Bermuda Country Report
Bermuda is a British overseas territory that provides foreign investors with an attractive fiscal regime, political stability, and one of the highest standards of living in the world. Foreign investment is likely to continue aimed at the financial services, tourism and the offshore sector – mainly determined by international tax planning. Operational risks are low although some complications stem from the geographical isolation of the islands and from the prospect of being hit by severe storms in the hurricane season between August and October. Crime rates, including gun crime, are declining and the islands are safe compared with Anglophone jurisdictions in the Caribbean.
Bermuda comprises some of the world's most remote inhabited islands, but air links to the territory’s LF Wade International Airport are good. Labour costs are relatively high, but the bureaucracy is efficient and transparent. Labour disputes are likely to remain infrequent in the one-year outlook, but privatisations are likely to be disputed. Activism on the island is limited almost entirely to opposition to developments in the tourism sector.
There is no specific terrorist threat in Bermuda, and no threat from domestic or homegrown groups targeting Western interests such as bars, nightclubs, shops, restaurants, or other places where expats and tourists may gather. This is unlikely to change in 2018. No militant independence movement exists that would challenge British sovereignty through violent means.
War risks in Bermuda will remain low through 2018. Bermuda is a British Overseas territory with no border disputes. British military capabilities will remain a strong incentive against hostile actions by other state actors. There is no militant independence movement in the territory willing to use force to challenge British Sovereignty.
There is a low risk of large-scale or violent protests in 2018. Unions are not militant and incidents of industrial action tend to be quickly resolved and do not pose property damage risks. However, on several occasions in 2016, protesters attempted to block parliamentarians access the House of Assembly in an attempt to block legislative proposals on immigration and an airport redevelopment plan. According to local media, during the immigration policy protest, key services including public transport, dock operations, and refuse collection were disrupted. The Bermuda Union of Teachers has held protest marches in 2017.

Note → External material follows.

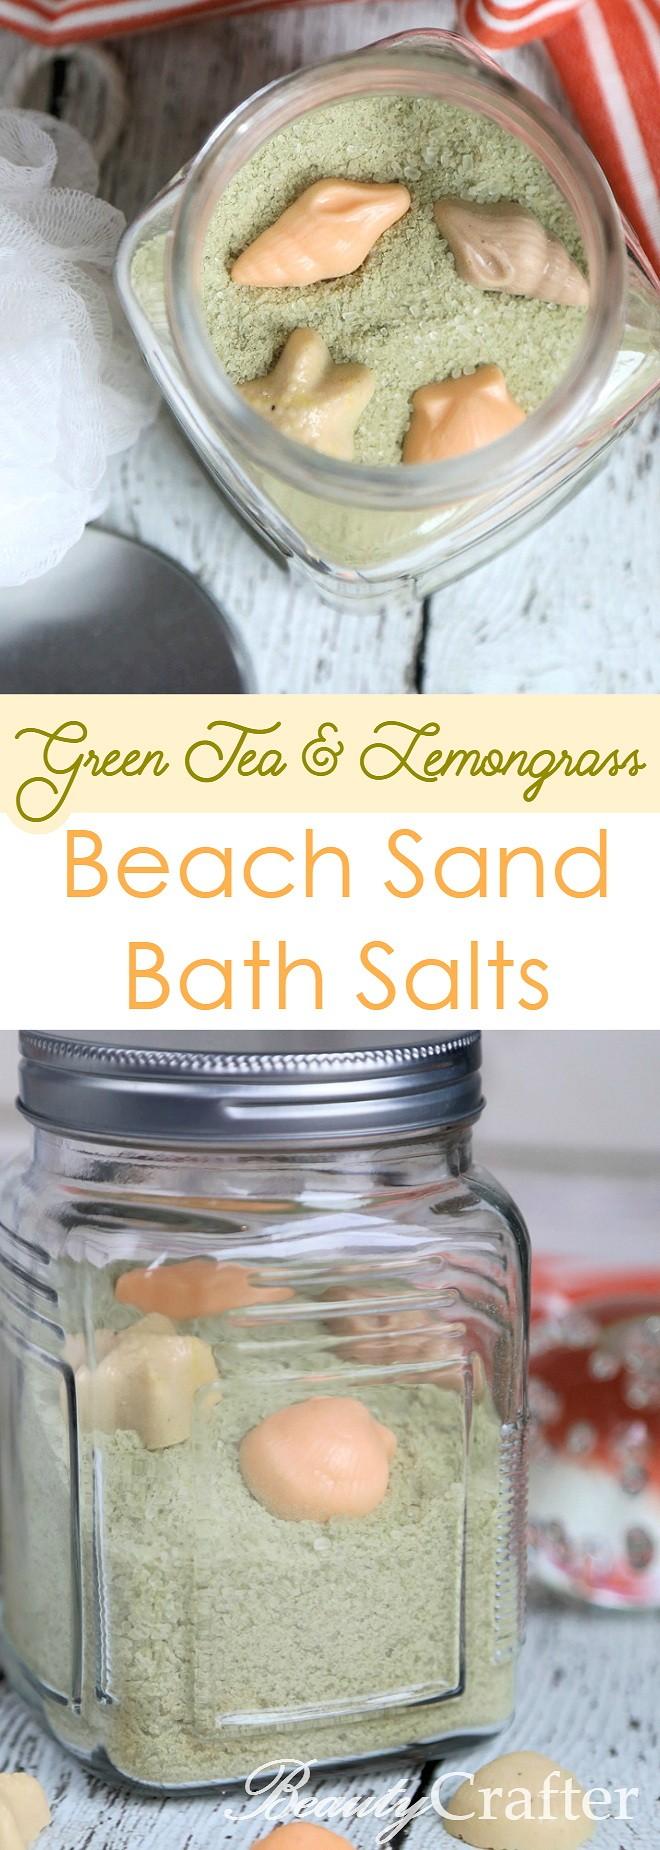 Green Tea & Lemongrass Beach Sand Bath Salts Recipe

Vaccinations required to enter the country
No vaccinations are required to enter the country.
Hepatitis A: A vaccine is available for anyone over one year of age. The vaccine may not be effective for certain people, e.g. those born before 1945 and who lived as a child in a developing country and/or have a past history of jaundice (icterus). These people can instead get a shot of immune globulin (IG) to boost their immunity against the disease.
Hepatitis B: A vaccine is available for children at least two months old.
Diphtheria-Tetanus-Polio: A booster shot should be administered if necessary (once every ten years).
Typhoid Fever: If your travels take you to regions with poor sanitary conditions (for children two years old and up).
Rabies: For prolonged stays in an isolated region (for children from when they can walk).
For Children: All standard childhood immunizations should be up-to-date. In the case of a long stay, the BCG vaccine is recommended for children over one month and the MMR (measles-mumps-rubella) vaccine for children over nine months.
The archipelago is regularly subjected to tropical storms that have the potential to cause significant material damage, flooding, power outages, and transportation disruptions. However, good storm response and warning systems along with well-developed infrastructure often mitigate storms' impacts. The Atlantic hurricane season officially runs from June 1 to November 30. Information regarding current or forecast storms is available on the US National Hurricane Center's website.
Potential visitors should also note that non-residents are forbidden from possessing, renting, or driving a four-wheeled vehicle (i.e. a car) while on the territory. Road accidents involving scooters - available to tourists - are common, in part due to road conditions (narrow, winding roads, traffic congestion).
Taxis, buses, and ferries are available and safe.
Bermuda's climate is subtropical and conditions are hot and humid from May until mid-November, particularly during the months of July and August. Hurricanes can strike the archipelago from June until November. Strong winds are common between December and April.